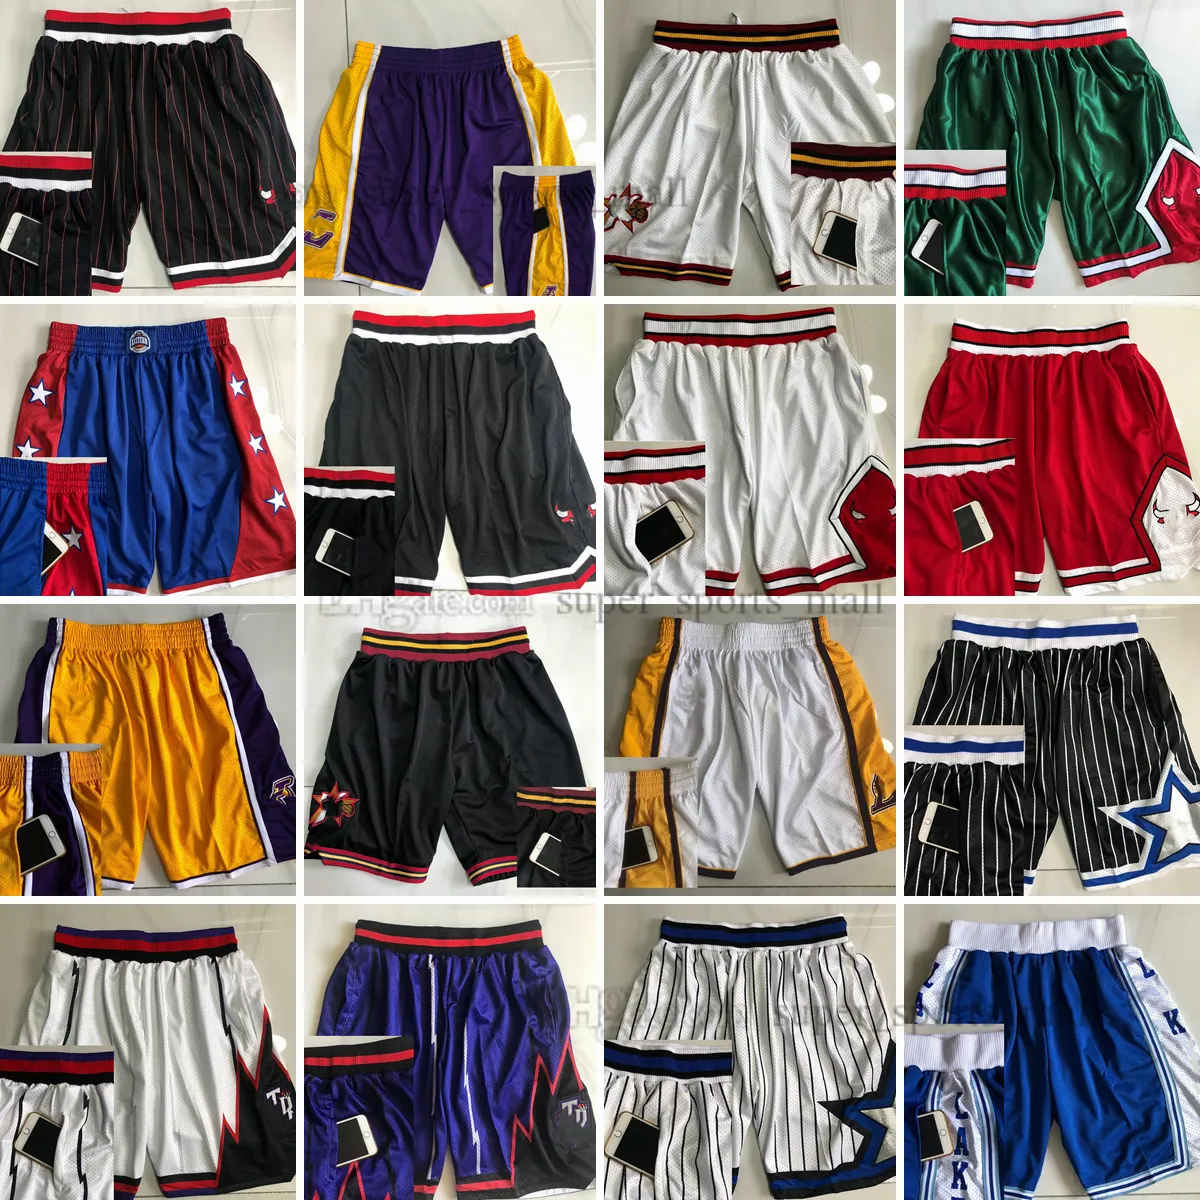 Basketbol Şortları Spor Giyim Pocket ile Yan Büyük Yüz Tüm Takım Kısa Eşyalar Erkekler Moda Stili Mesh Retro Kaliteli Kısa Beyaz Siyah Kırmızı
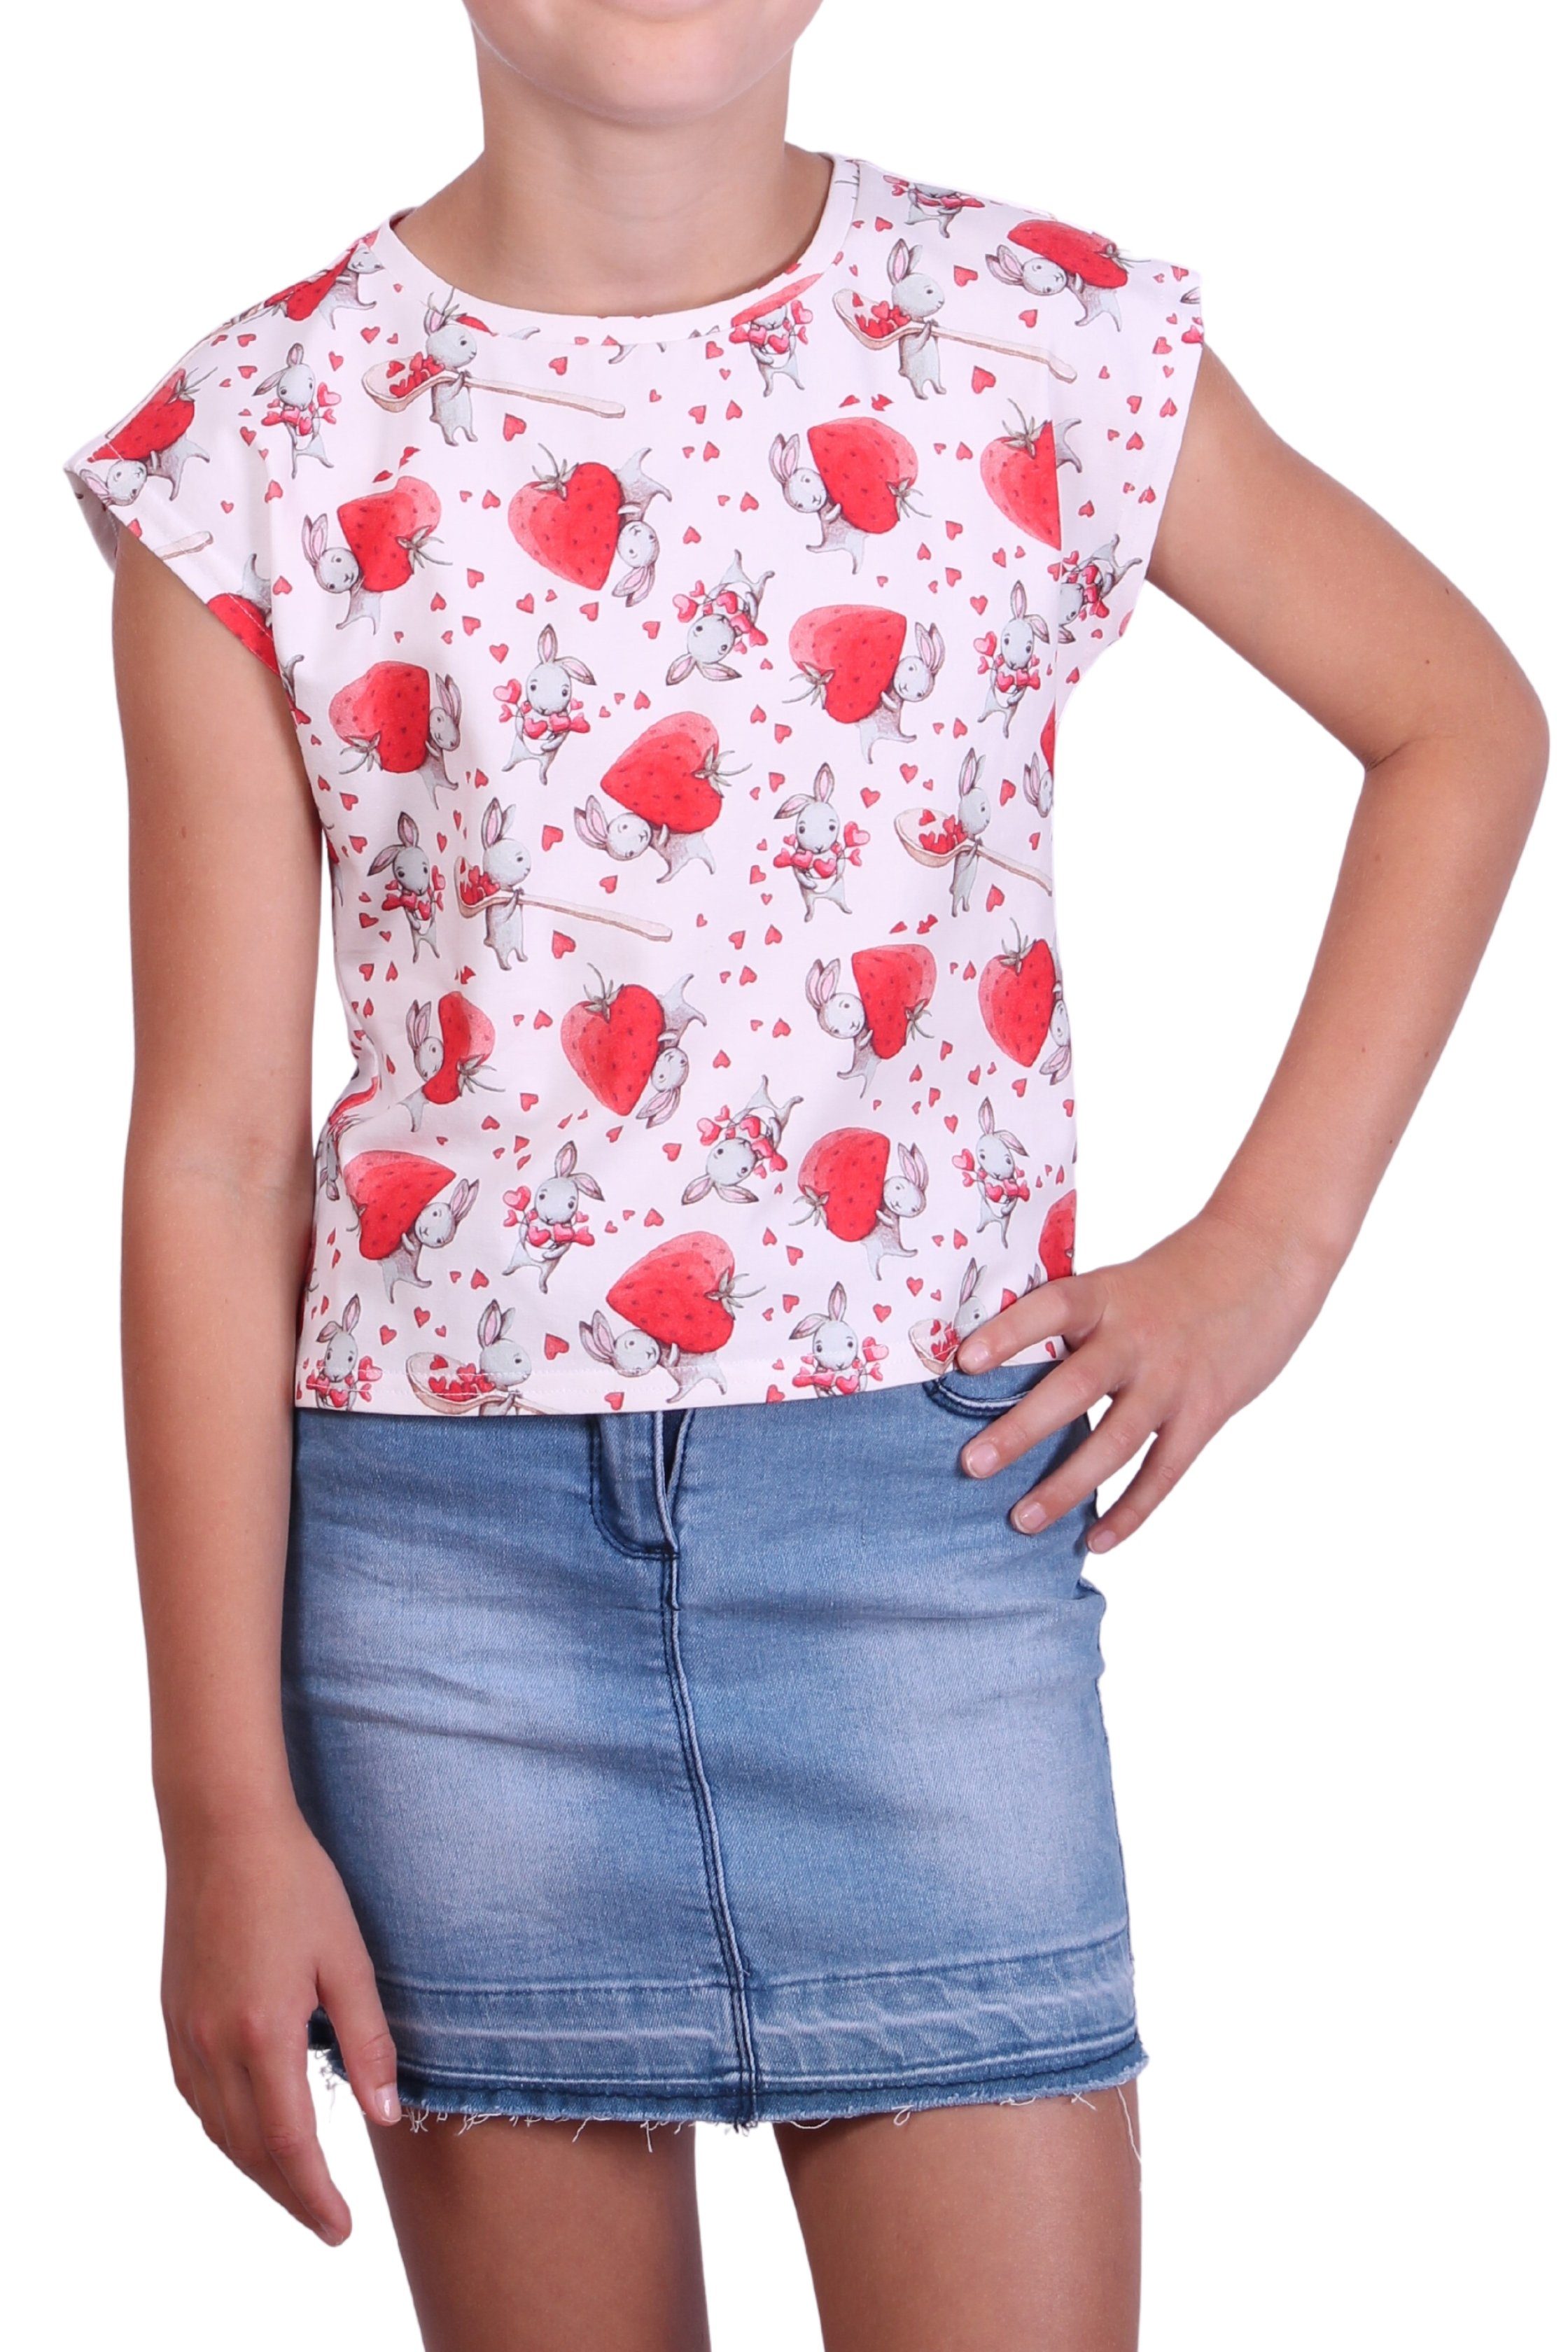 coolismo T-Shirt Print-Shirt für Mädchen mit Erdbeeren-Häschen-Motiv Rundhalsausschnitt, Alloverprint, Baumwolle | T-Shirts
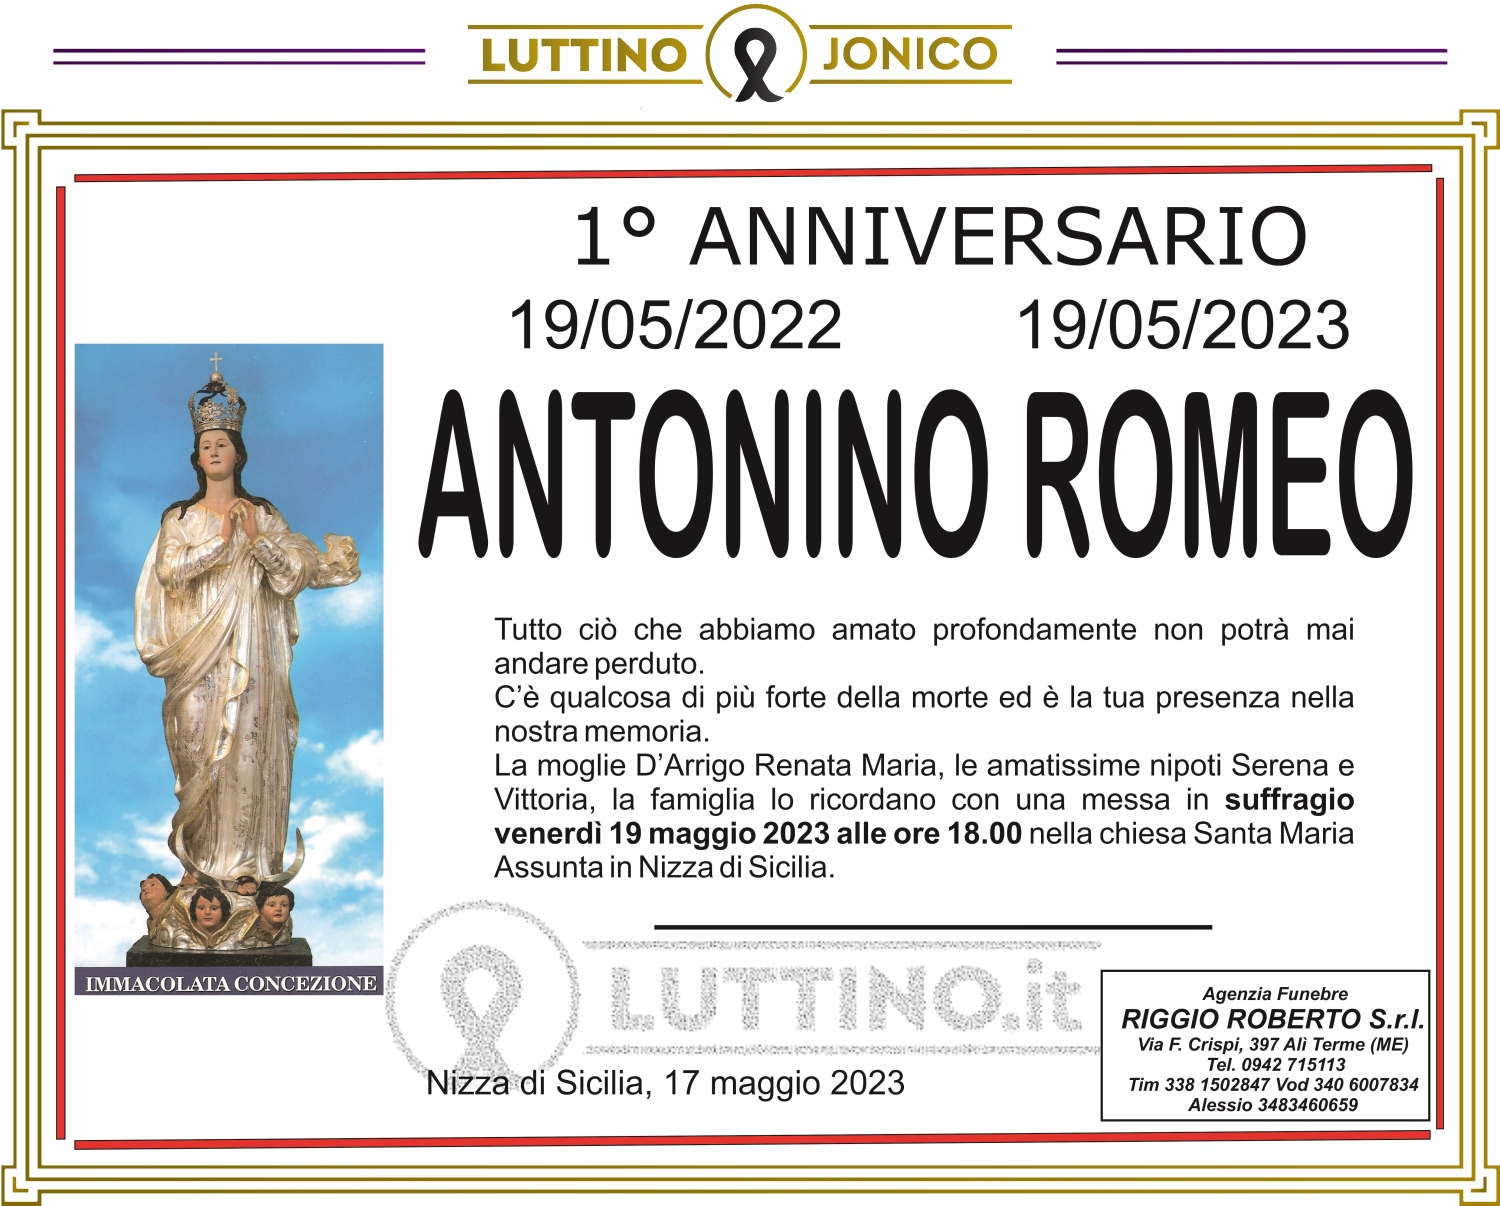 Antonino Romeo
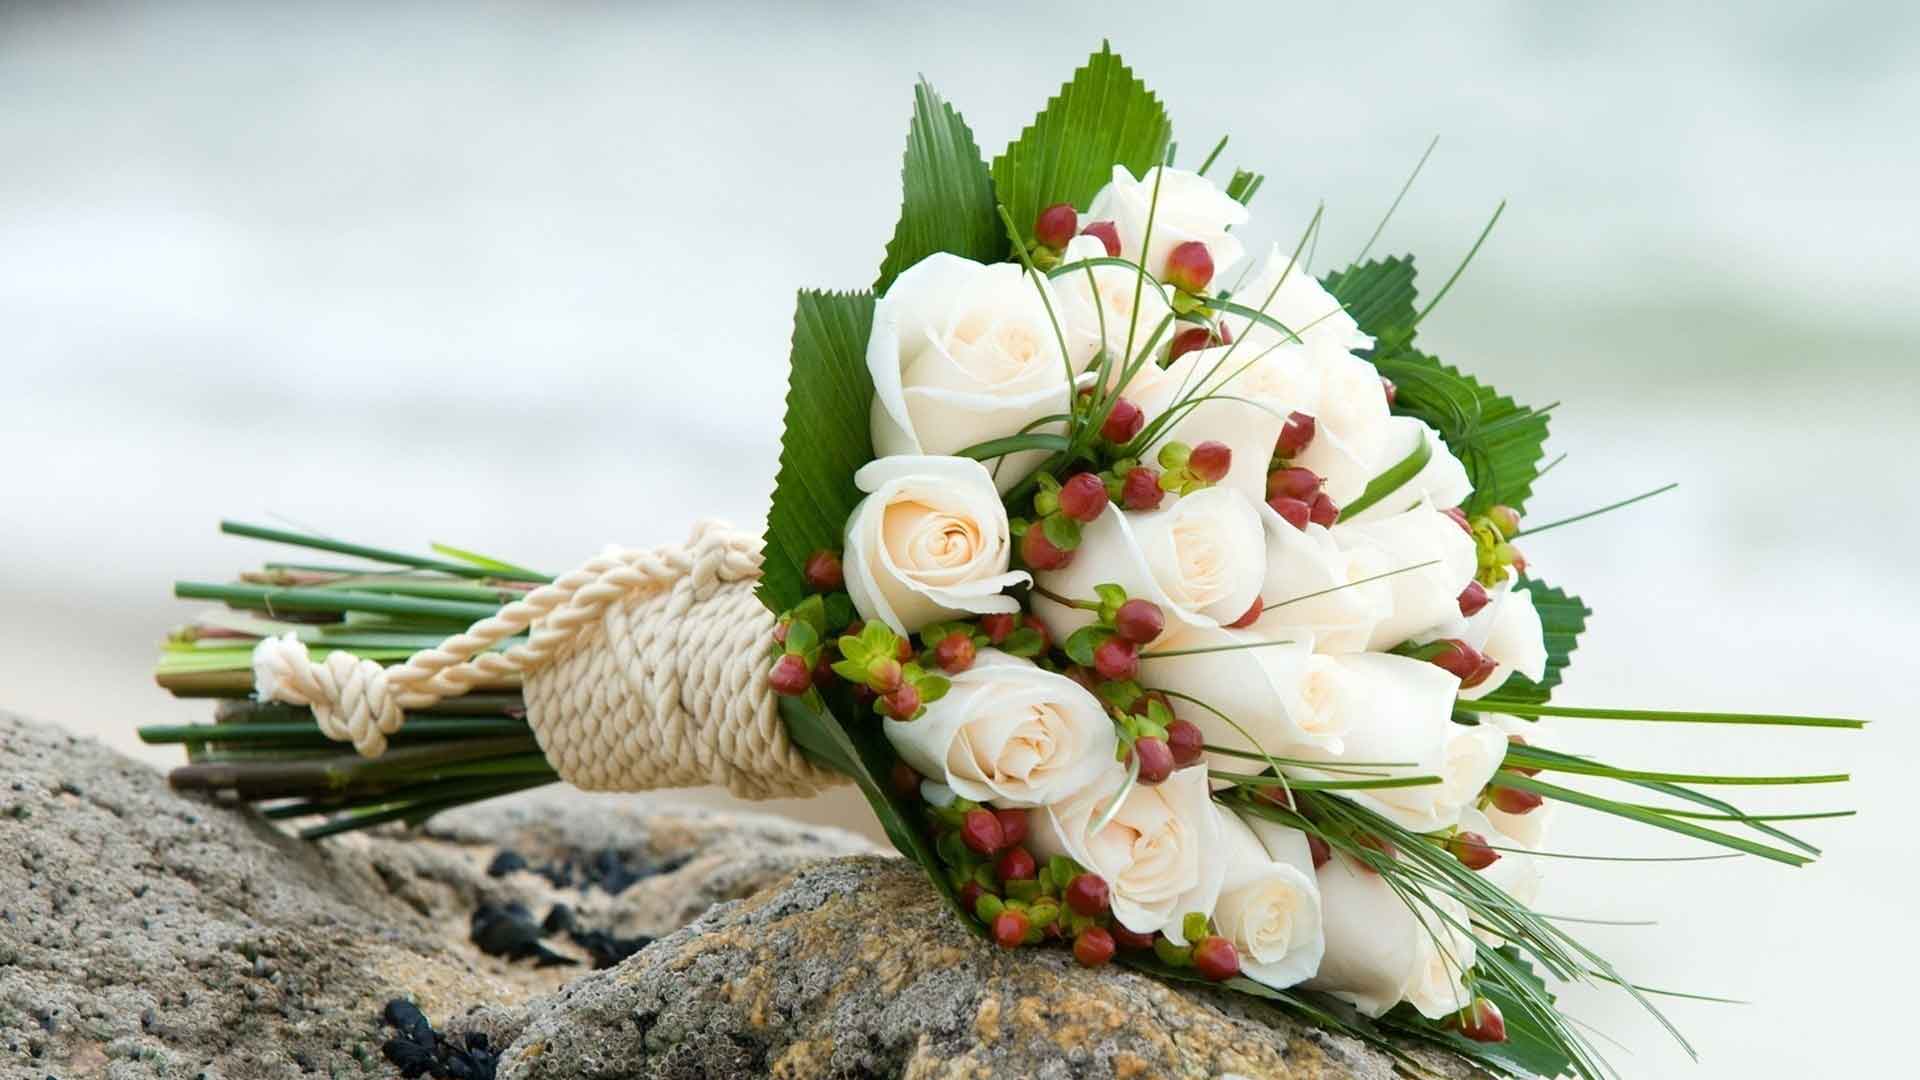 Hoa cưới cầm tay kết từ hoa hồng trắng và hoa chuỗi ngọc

[Required work] The whole listing above is to be printed exactly; the pictures stay out.

[Completed exercise]
 Basketbol Şortları Spor Giyim Pocket ile Yan Büyük Yüz Tüm Takım Kısa Eşyalar Erkekler Moda Stili Mesh Retro Kaliteli Kısa Beyaz Siyah Kırmızı
 coolismo T-Shirt Print-Shirt für Mädchen mit Erdbeeren-Häschen-Motiv Rundhalsausschnitt, Alloverprint, Baumwolle | T-Shirts
 Antonino Romeo
 Hoa cưới cầm tay kết từ hoa hồng trắng và hoa chuỗi ngọc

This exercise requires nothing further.